Like the federal government, the new authorities can be structured to pool public revenue collected from multiple jurisdictions, issue public debt, sidestep strict budget-balancing rules that affect member jurisdictions, and provide capital and operating subsidies to participating partners while respecting their sovereign powers over land use and control. These authorities can increase state and local funding for the construction and rehabilitation of middle-income and deeply affordable housing, support employment and workforce development, and assist in siting housing near other essential services such as transportation, health clinics, and education.
Partnerships between states and localities are already somewhat common when it comes to the construction and maintenance of bridges, ports, and water infrastructure. Examples include the Port Authority of New York and New Jersey (PANYNJ), the Washington Metro Area Transit Authority, or WMATA (of Maryland, Virginia, and Washington, D.C.), the Delaware River Port Authority (of Pennsylvania and New Jersey), and the seven-state New England Interstate Water Pollution Control Commission. Each of these partnerships is justified by the cross-jurisdictional benefits of the public good to each locale. (Similarly, the recognition of benefits to from cross-jurisdictional cooperation forms the rationale and basis for the federal government’s own existence.)
To date, interstate and regional partnerships in affordable housing are rare, even though housing markets are regional and affordable housing offers cross-jurisdictional benefits.
Leaders from Maryland, Virginia, and Washington, D.C., came together in 2019 to collectively adopt 2020–2030 regional housing targets for supply, location, and affordability, and have pooled resources from the Amazon Housing Equity Fund to provide planning grants to selected projects.
The San Francisco Bay Area Housing Finance Act (BAHFA), passed in 2019, offers an intrastate model. BAHFA created a regional housing finance agency for the Bay Area’s nine counties and 101 cities and towns. Designed to be financed through local taxes and bonds, it requires approval by two-thirds of voters in each county via a regional revenue ballot measure. This high bar has caused officials to delay putting the measure before voters. BAHFA has been operating pilot programs using state grants and is now recalibrating its finance strategy, focusing on laying the groundwork for a ballot measure as early as 2028.
Interstate compacts are the most formal path to collectivity and are authorized under the Compact Clause of the U.S. Constitution. This has produced, according to the National Center on Interstate Compacts, over 250 compacts to date, including ones related to Medicaid, child placement, carbon emissions allowance trading, and the environment. Although technically conditioned on federal approval, most operate without it, as established case law permits agreements that delegate state powers already possessed.

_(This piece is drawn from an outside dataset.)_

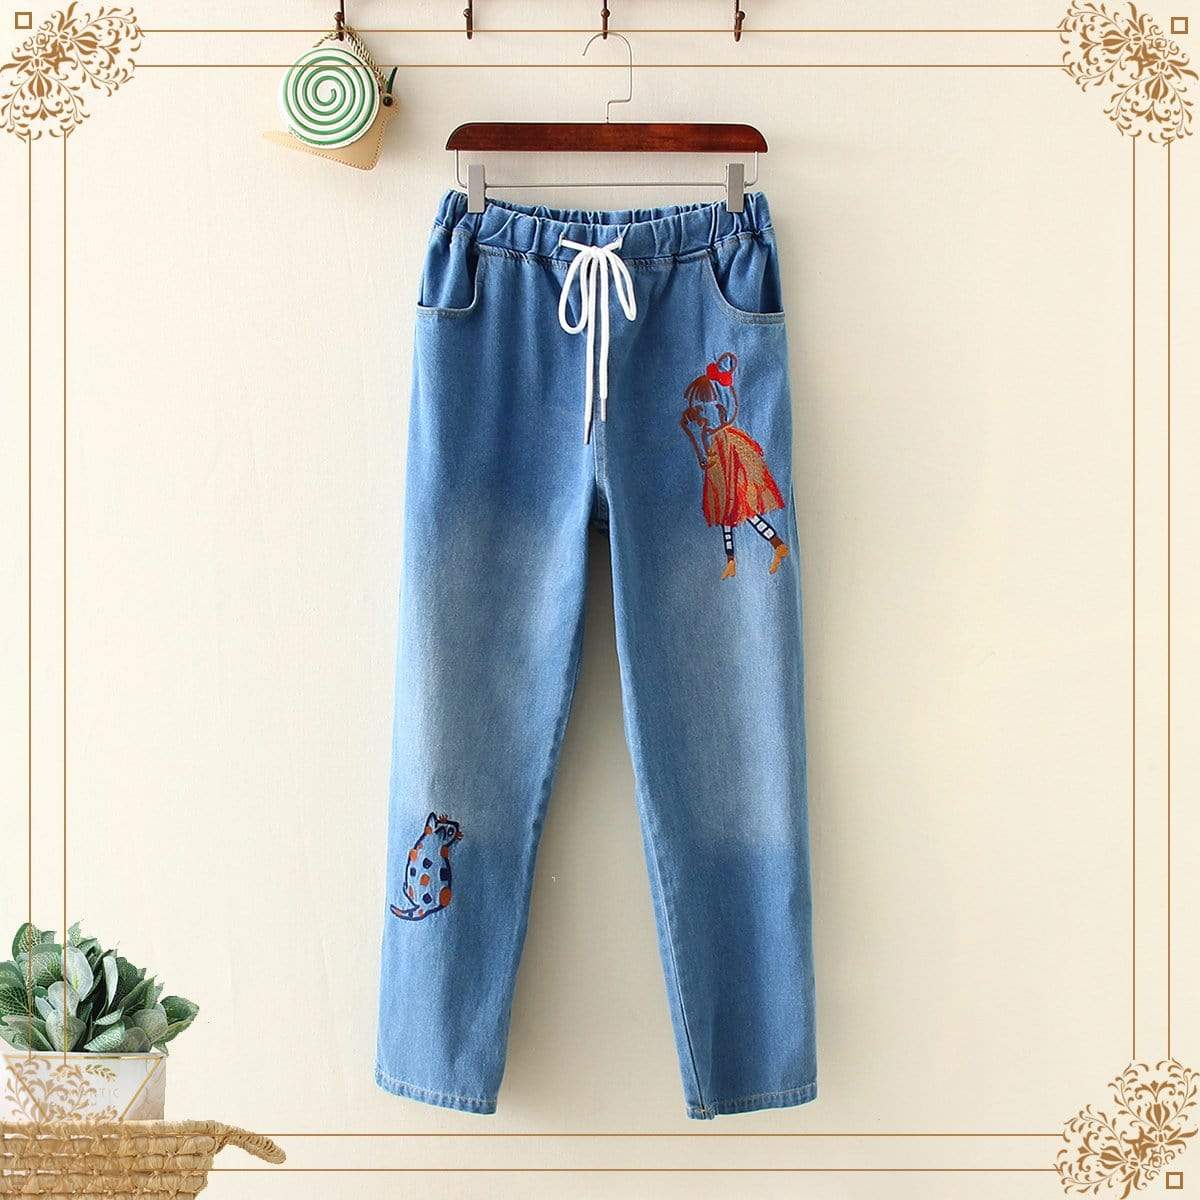 Kawaiifashion Women's Sweet Cat And Girl Embroidered Elastic Jeans

But states have also bypassed interstate compacts with the use of coordinated action among state attorneys general on a host of issues, and cross-border memorandums of understanding or commissions have been used to govern roads or handle specific environmental challenges.

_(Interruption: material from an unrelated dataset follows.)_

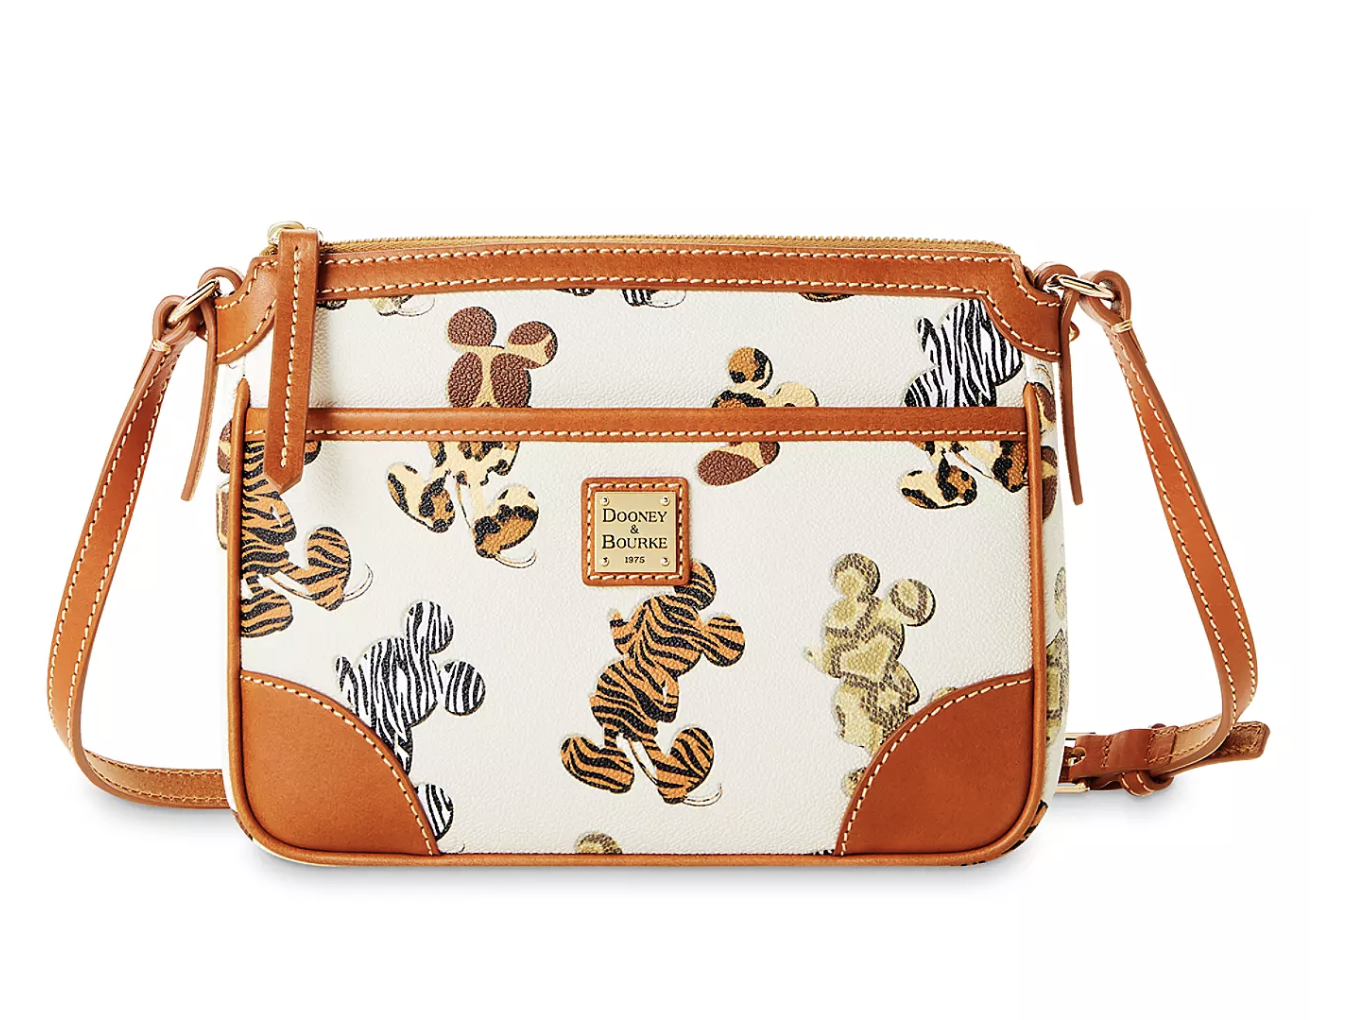 Hurry! Disney's Animal Print Dooney & Bourke Collection is Available ...

Washington state’s Interlocal Cooperation Act authorizes state agencies to enter into joint or cooperative agreements not only with other state agencies but also with any political subdivision of another state. This has produced a joint purchasing agreement with Oregon, as well as a similar agreement between Vancouver, Washington, and Boise, Idaho, and over 2,600 other interlocal agreements.
Even local HUD-regulated public housing agencies (PHAs) may formally join with other PHAs to create subsidiaries, joint ventures, and other arrangements related to low-income housing, under 24 CFR Part 943.
The advantages to interstate and/or interlocal cooperation are numerous.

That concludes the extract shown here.